◆ **Raw data**:
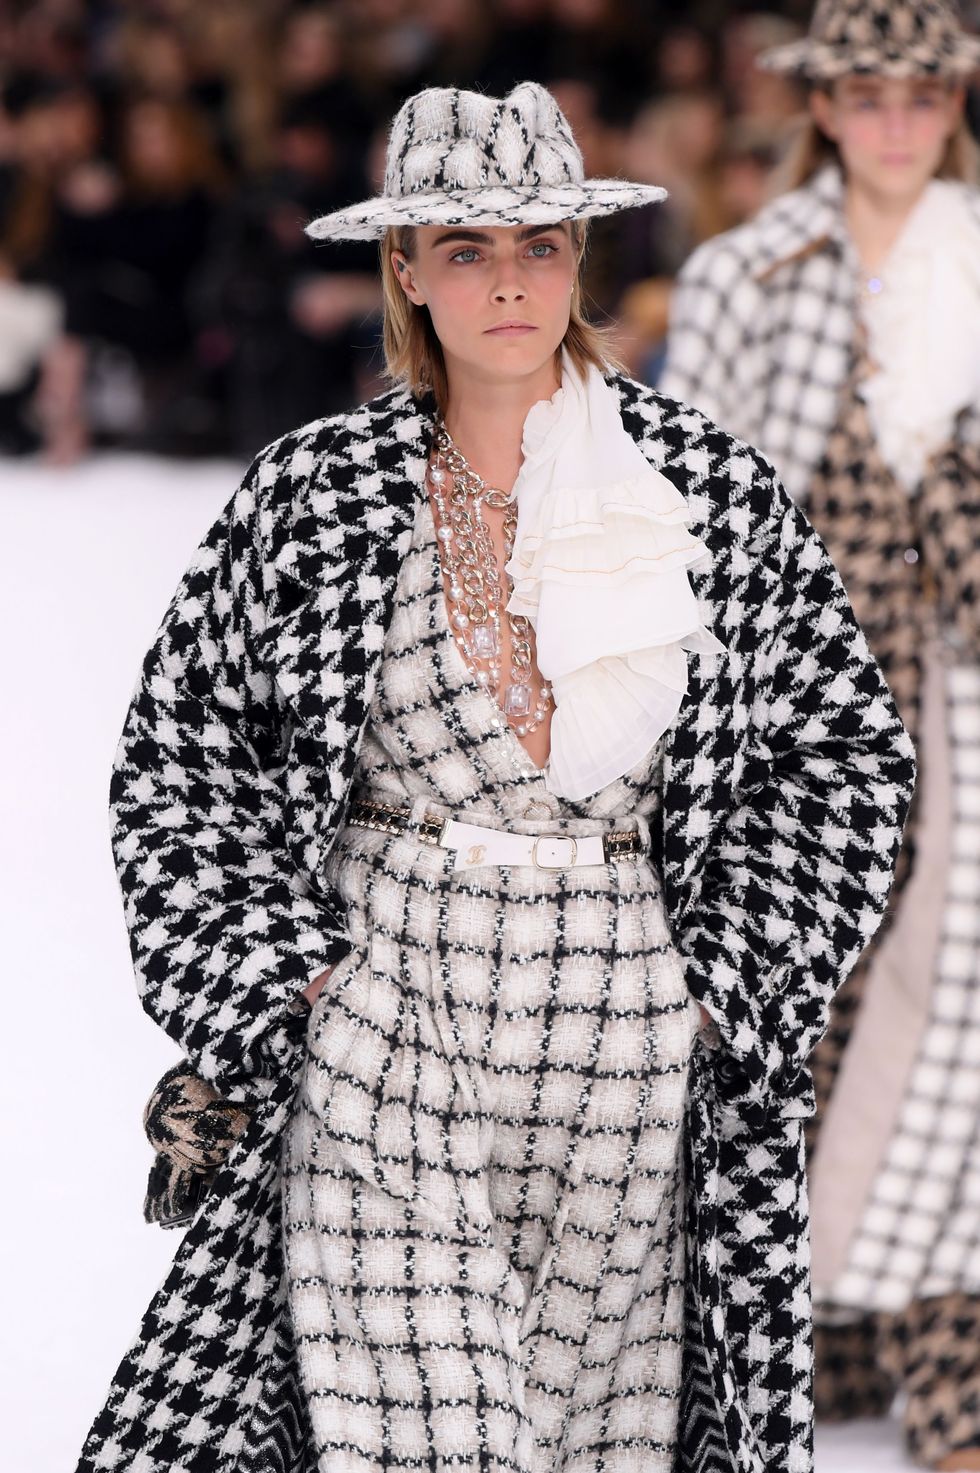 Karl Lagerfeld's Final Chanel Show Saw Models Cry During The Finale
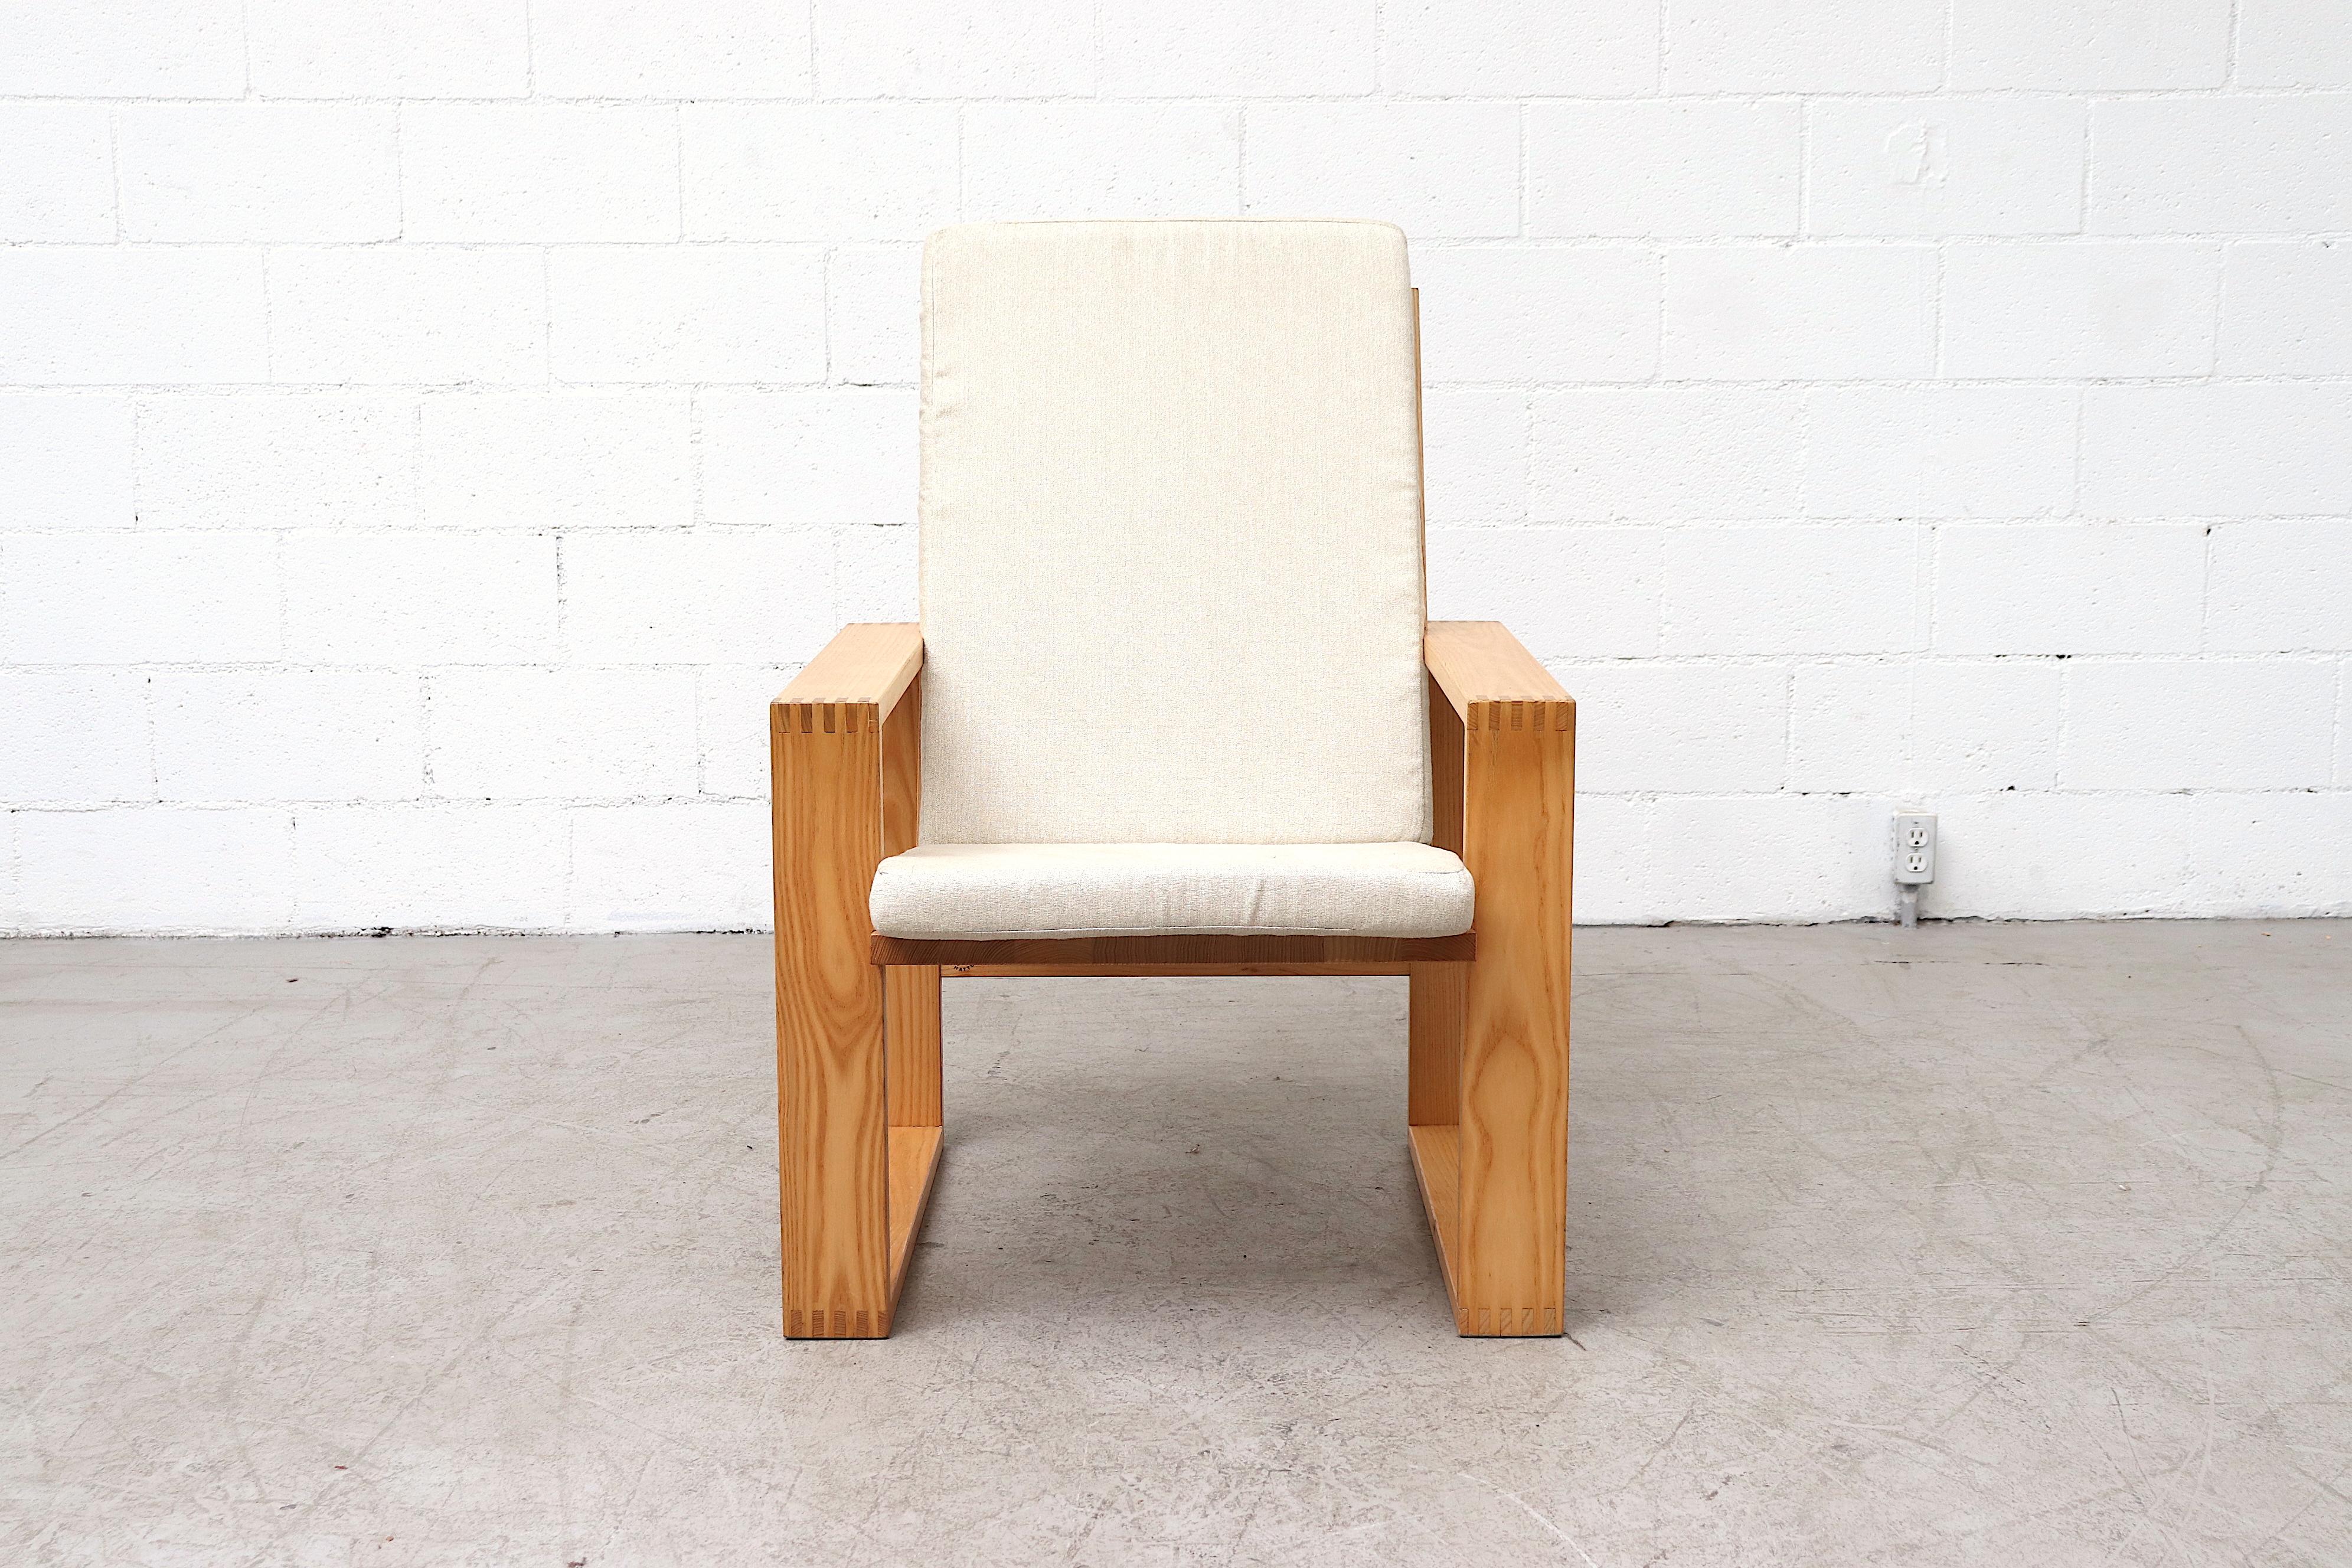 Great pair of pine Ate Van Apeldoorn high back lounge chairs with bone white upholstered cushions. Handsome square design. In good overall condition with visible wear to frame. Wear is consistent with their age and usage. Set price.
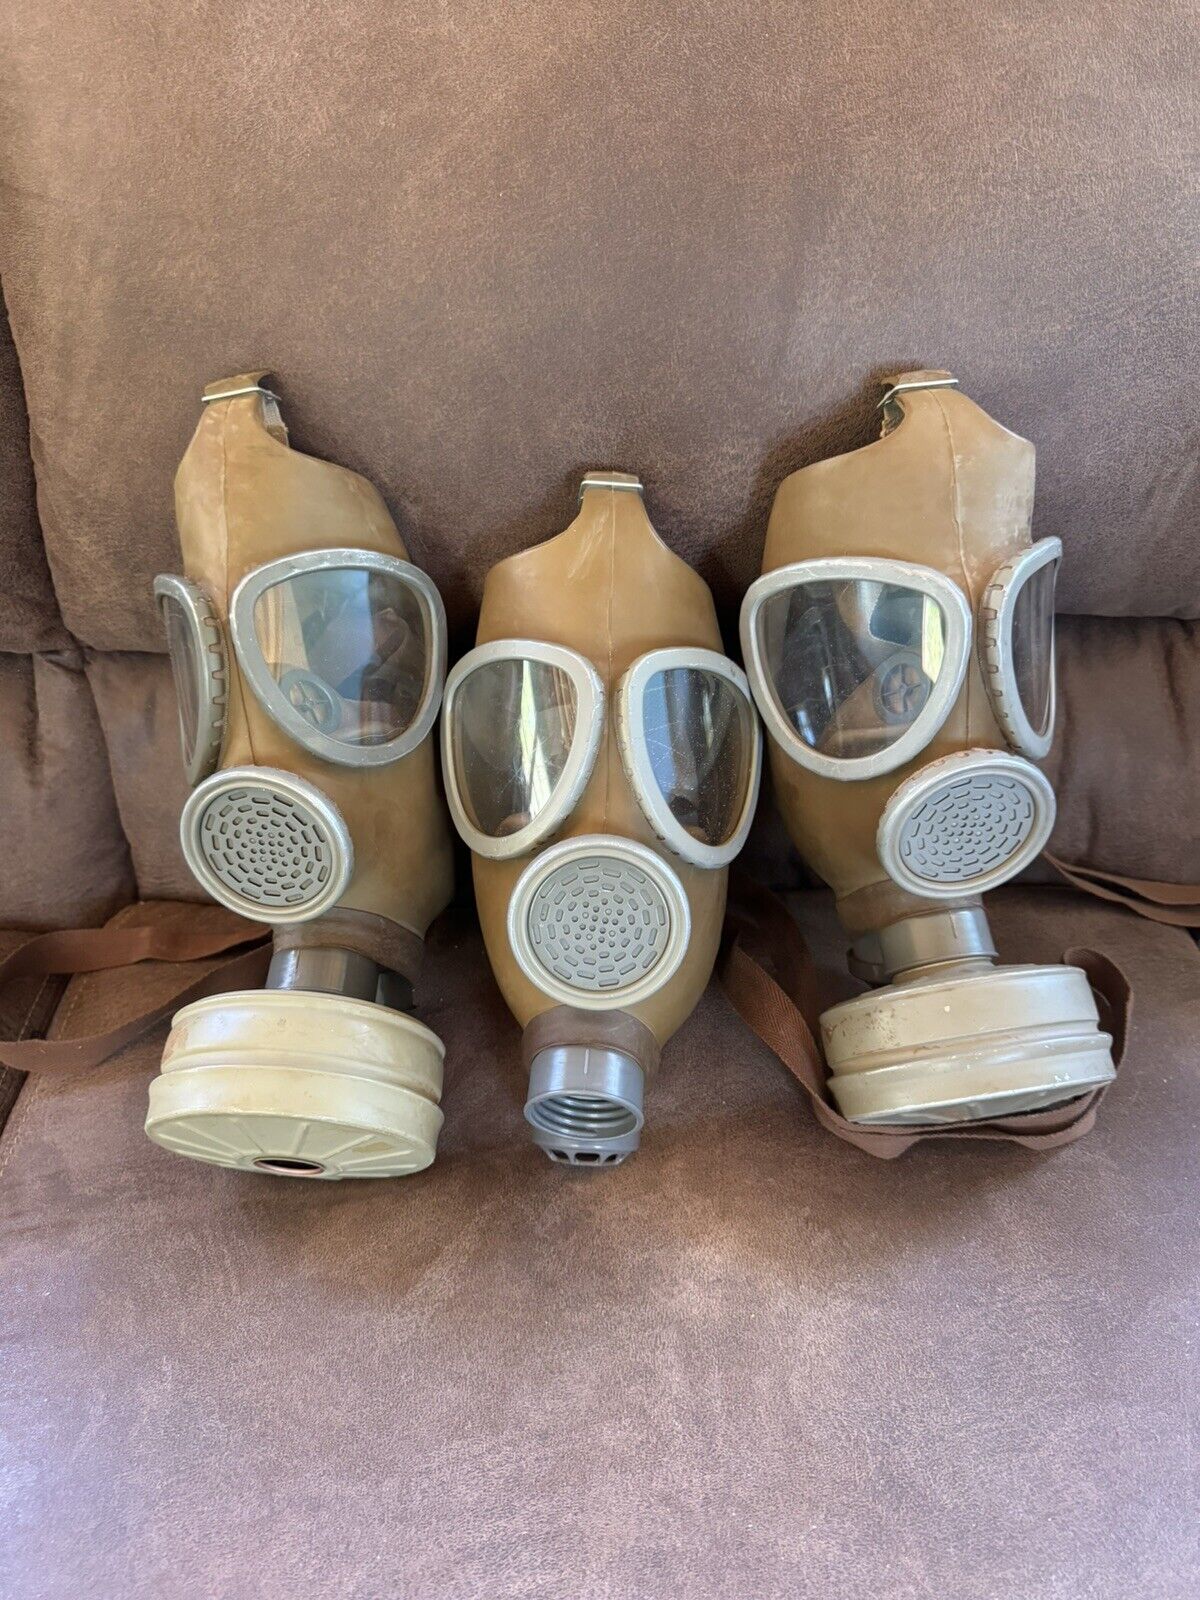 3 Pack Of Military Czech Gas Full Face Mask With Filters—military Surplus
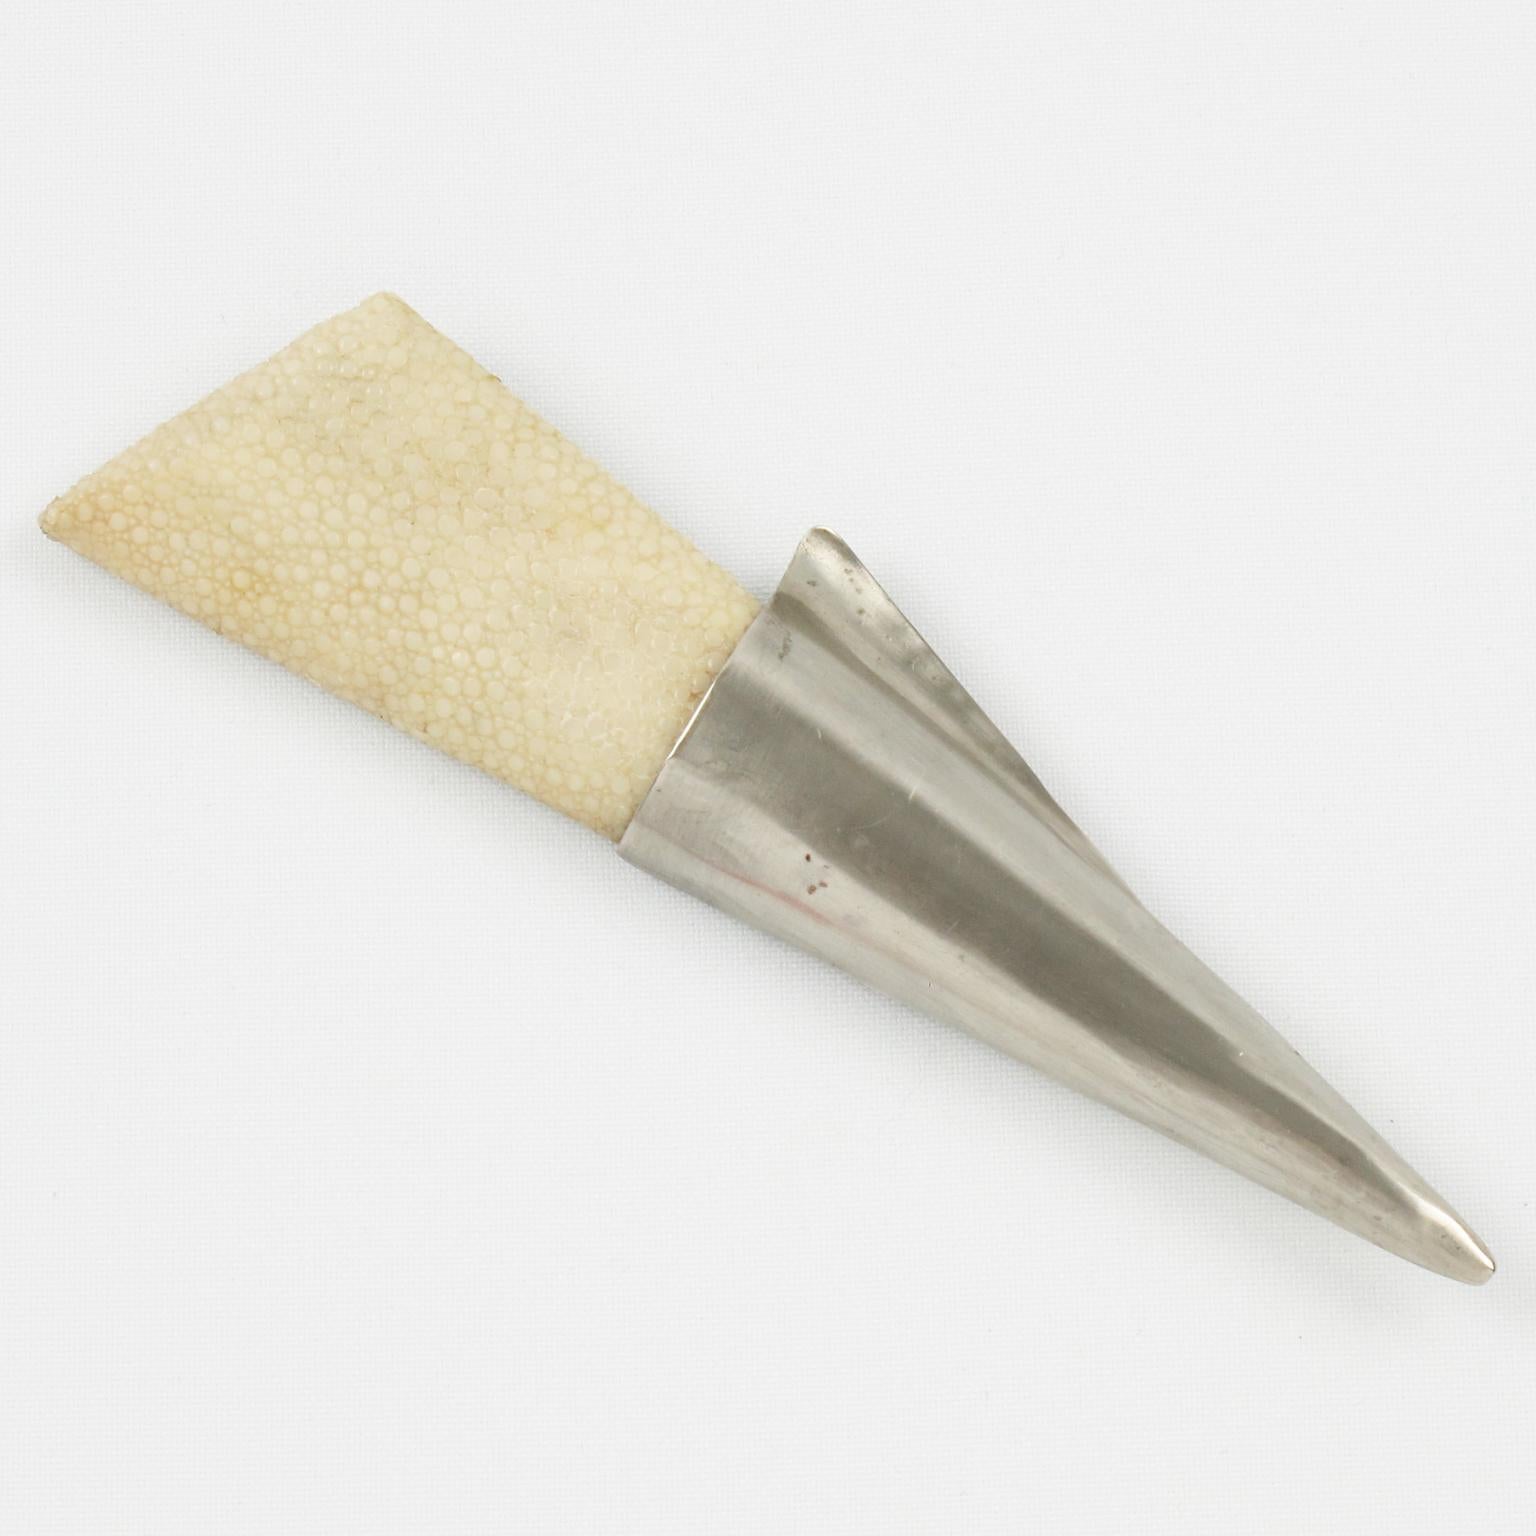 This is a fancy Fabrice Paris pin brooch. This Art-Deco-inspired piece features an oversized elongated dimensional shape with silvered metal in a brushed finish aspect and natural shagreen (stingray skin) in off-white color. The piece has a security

◆ **Problem requirements**: Every line of the material should be repeated precisely; pictures are to be excluded.

◆ **Solution to this problem**:
 Karl Lagerfeld's Final Chanel Show Saw Models Cry During The Finale
 Great pair of pine Ate Van Apeldoorn high back lounge chairs with bone white upholstered cushions. Handsome square design. In good overall condition with visible wear to frame. Wear is consistent with their age and usage. Set price.
 3 Pack Of Military Czech Gas Full Face Mask With Filters—military Surplus
 This is a fancy Fabrice Paris pin brooch. This Art-Deco-inspired piece features an oversized elongated dimensional shape with silvered metal in a brushed finish aspect and natural shagreen (stingray skin) in off-white color. The piece has a security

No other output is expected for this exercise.